Against the backdrop of heightening tensions in Europe, and the increasing requirements of ‘men, money, and material’,[4] the question arises as to why US interest in its Indo-Pacific strategy has not declined, even temporarily. Attempting to find answers to the question, researchers like Luis Simón[5] have pointed out that the Indo-Pacific is important in US strategy to counter any Chinese ‘opportunistic aggression’ amid the war in Ukraine.[6] Although this logic has its merits in the China-US realpolitik struggle for influence in the Indo-Pacific, as well as the region’s ongoing rebalancing, it is negated by the absence of any new US military alliances in the Indo-Pacific since the start of the war in February 2022.
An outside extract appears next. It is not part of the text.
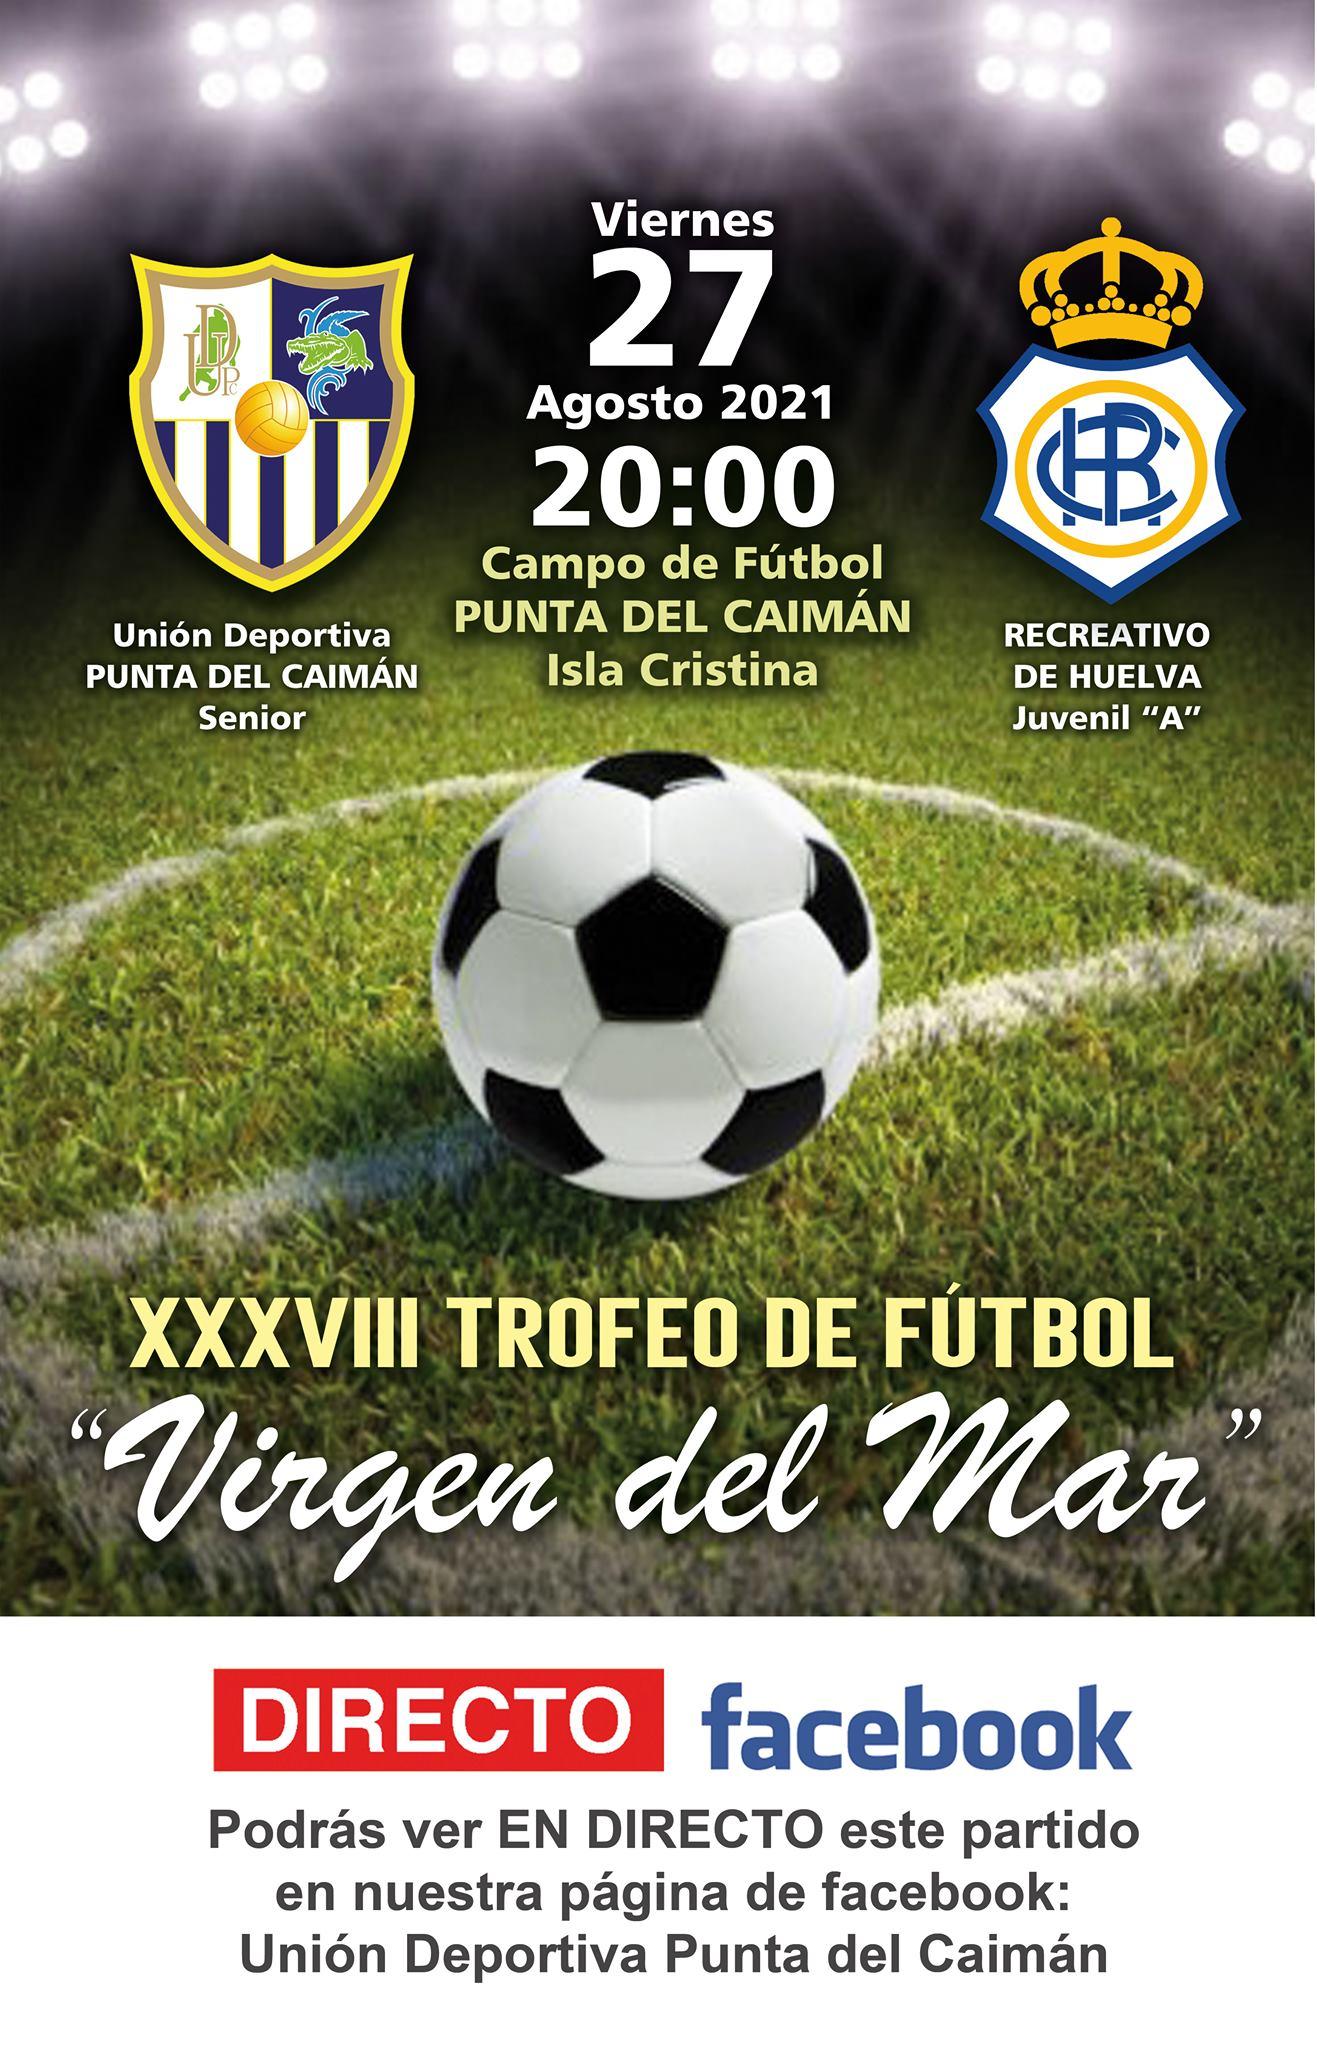 El Recre Juvenil y el Punta del Caimán se juegan el XXXVIII Trofeo de Fútbol «Virgen del Mar»
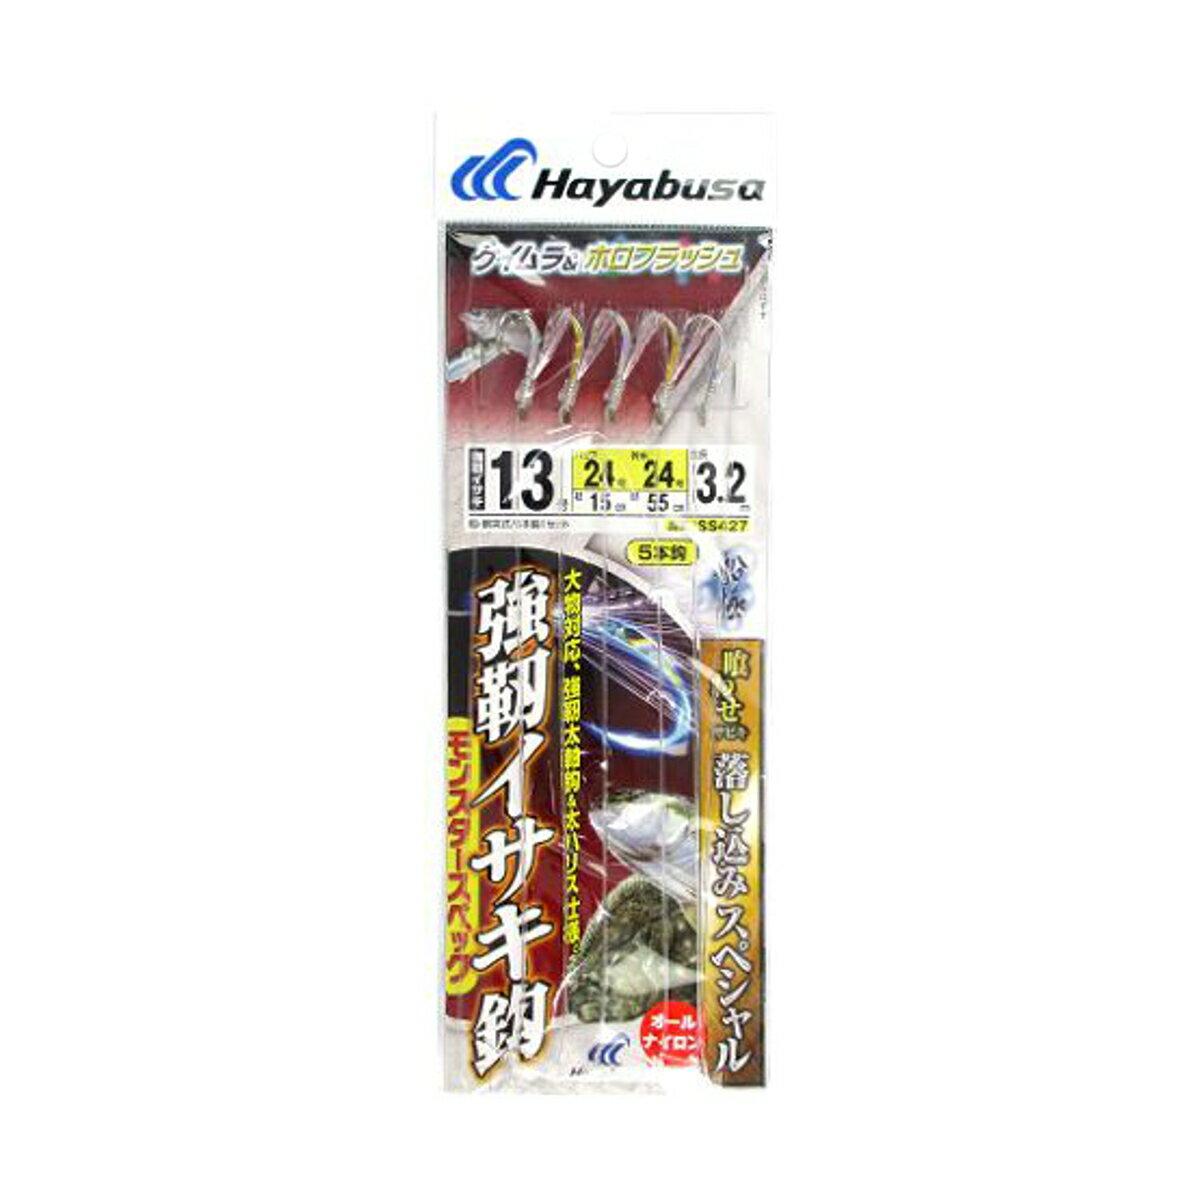 ハヤブサ 船極喰わせサビキ 落し込みスペシャル ケイムラ&ホロフラッシュ SS427 針13号−ハリス24号

This brief argues that the US’ interest in its Indo-Pacific strategy has not diminished amidst its European preoccupations since early 2022 because the Indo-Pacific has always, and continues to represent a pillar of US geostrategy. Its involvement in the region is not simply a deterministic consequence of Machiavellian necessities for containing a rising China. The brief makes a case for how the Indo-Pacific has increasingly become a pivotal, multipolar region with multiple stakeholders.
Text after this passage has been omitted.